In light of the recent Terry Crews story that sparked outrage across Hollywood and beyond, the conversation revolving the #MeToo movement has taken a shift regarding the role of men in the context of rape culture from simply being the assailants that they are often portrayed, to being potential victims of abuse as well. According to Crews, the former head of the Motion Picture Department at William Morris Endeavor groped him while at an event sometime in February 2016. With Terry Crews—a modern symbol of Hollywood’s indestructible heterosexual cis-male masculinity—at the forefronts of what has now become a transnational movement, people are beginning to realize that the problem isn’t as simple as pitting two sexes against each other.

Over the years, men from different walks of life have come forward to speak up about their own stories of being victims of sexual abuse. What the Crews story has done is merely embolden the existing plight of abused men all around the world, one that has long been undermined in many conversations regarding the matter. More importantly, it has fleshed out the more intricate aspects of sexual assault as an expression of something much bigger than just “desire” but furthermore, as a manifestation of power and politics—as definitively outlined in the Crews case in which a more powerful and bureaucratically top-level figure felt entitled over the body of somebody who has found a living as a commodity in modern America’s consumerist media culture.

It is precisely the political aspect of sexual assault that lends the conversation to a gendered debate on how patriarchy has posited men as the superior species and how the power that it has enshrined upon the male is what ultimately paves the way for him to objectify the female body. Of course, we cannot discount the outliers in the discourse that refer to how assault can happen to anyone (no matter the power they hold or the lack thereof) and can sprout even from the most underprivileged places. This, however, only makes for a compelling case arguing that rape and sexual assault can in fact happen to anyone—even men, as powerful as they are.

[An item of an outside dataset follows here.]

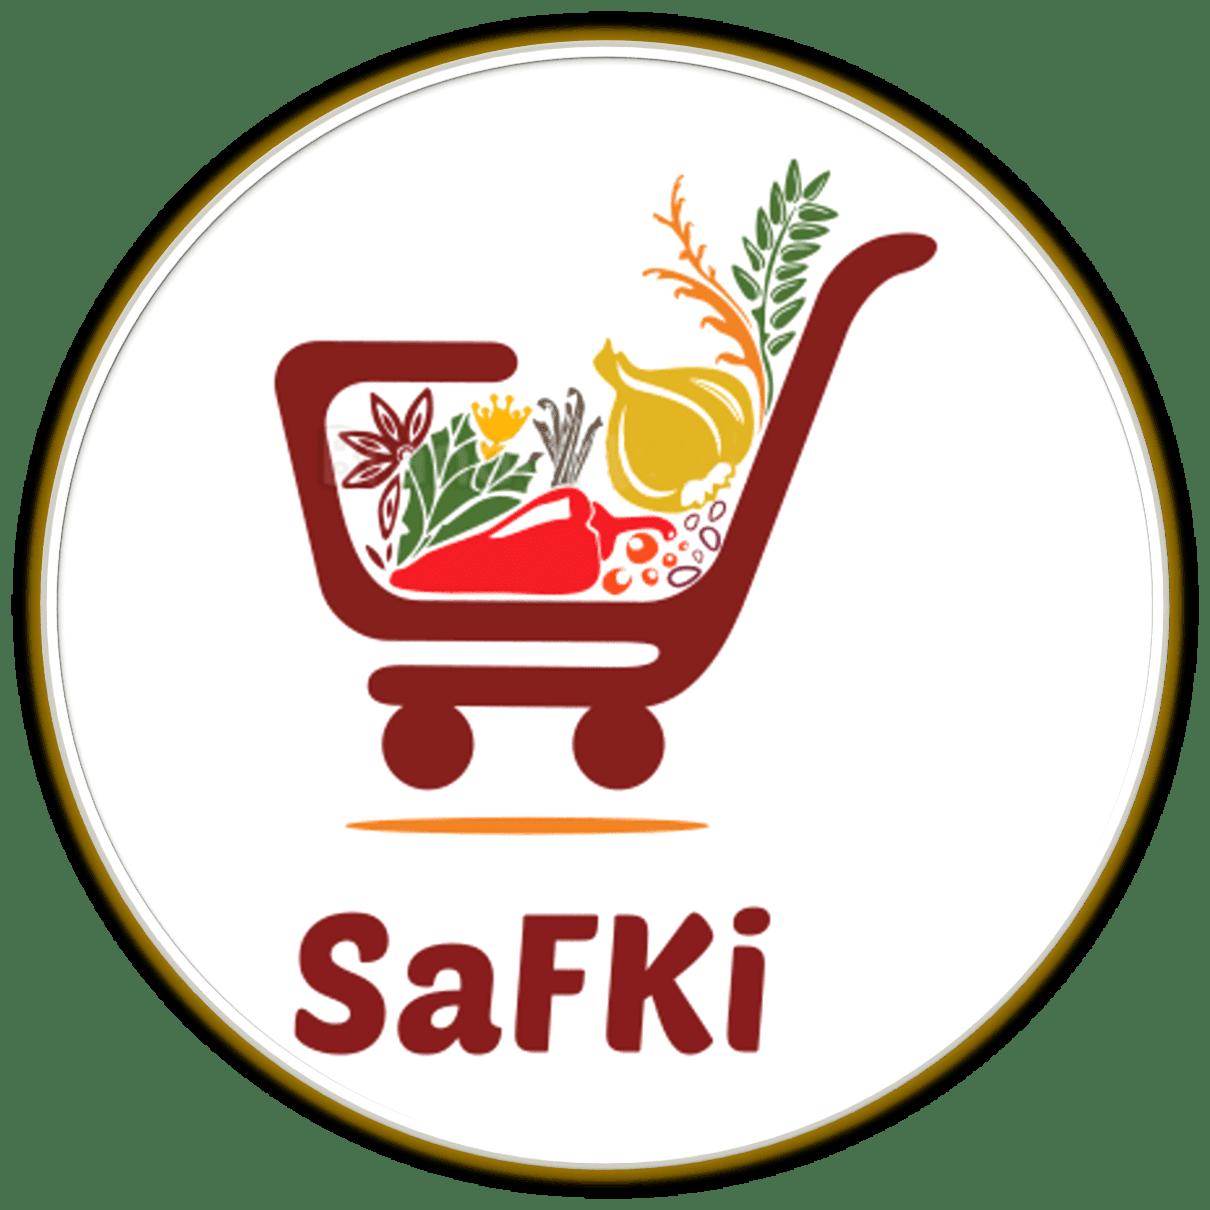 Safki

How power plays a role in rape culture is an important thing to acknowledge in these conversations because rape and sexual assault are mere reflections of the struggle for that power. When victims of abuse come forward with their truths, the ability of their oppressors to skew their narratives and turn the tide against them by virtue of public opinion (thus, rape culture) is an extension of that power struggle. It is then easy to fall into traps in discussions when the global conversation involves those who skirt around the issue by turning it into a “men versus women” thing.

Certainly, the conversation can get pretty muddled up: with the crimes of Woody Allen, Harvey Weinstein and other powerful male public figures splayed across the public forum, how do we sympathize with men as potential victims of abuse?

In Canada’s New Democratic Party (or NDP), Member of Parliament Christine Moore is the subject of sexual misconduct allegations from Glen Kirkland, an Afghanistan veteran. In his testimonies, he maintains that if a male member of parliament had done the same thing to a female subordinate, then the press—who he insists have long known of the sexual misconducts—might talk about the issue more. This reveals a flaw in how we treat abusers and the abused in these situations, especially when the press pivots the discourse to gender.

This highlights further the role of men in dealing with rape culture that transcends the simple “assailant” or “victim” dichotomy, but as actual allies in the fight against abuses.

In the tech world, a recent development saw MODA Casting—a mobile platform that democratizes model castings by enabling models to book jobs without the need for agents or casting connections—leading the battle for the prevention of abuses in the modelling world realized through a partnership with #ProjectConsent. In an industry riddled with unwanted sexual advances, MODA Casting CEO Victor Teruel saw this as an opportunity to challenge the norm and change the environment to make models feel safer.

Popular figures like John Legend and Bernie Sanders have also expressed solidarity by participating in Women’s marches as a form of support for all abuse victims.

The inevitable course that the press and by extension, the #MeToo movement must now take is an intersectional approach, disparate from the white feminist narrative that it has long held. This means it must open its doors to different versions of the struggle and the different faces that abuses entail. Concessions have to be made that the male gender is not the enemy, but the systems of power in place. If we ever stand a chance at dismantling our true oppressors, we have to identify and reject the right enemies; meaning, we have to acknowledge that men can be allies just like how women can be oppressors, too.

This signals a new era for the #MeToo movement to move forward in solidarity for victims of abuse no matter what gender, and to underpin the importance of identifying the real enemies in the global conversation. More importantly, may these recent developments put forward the importance of men and their stories in the fight against sexual abuse in its many forms.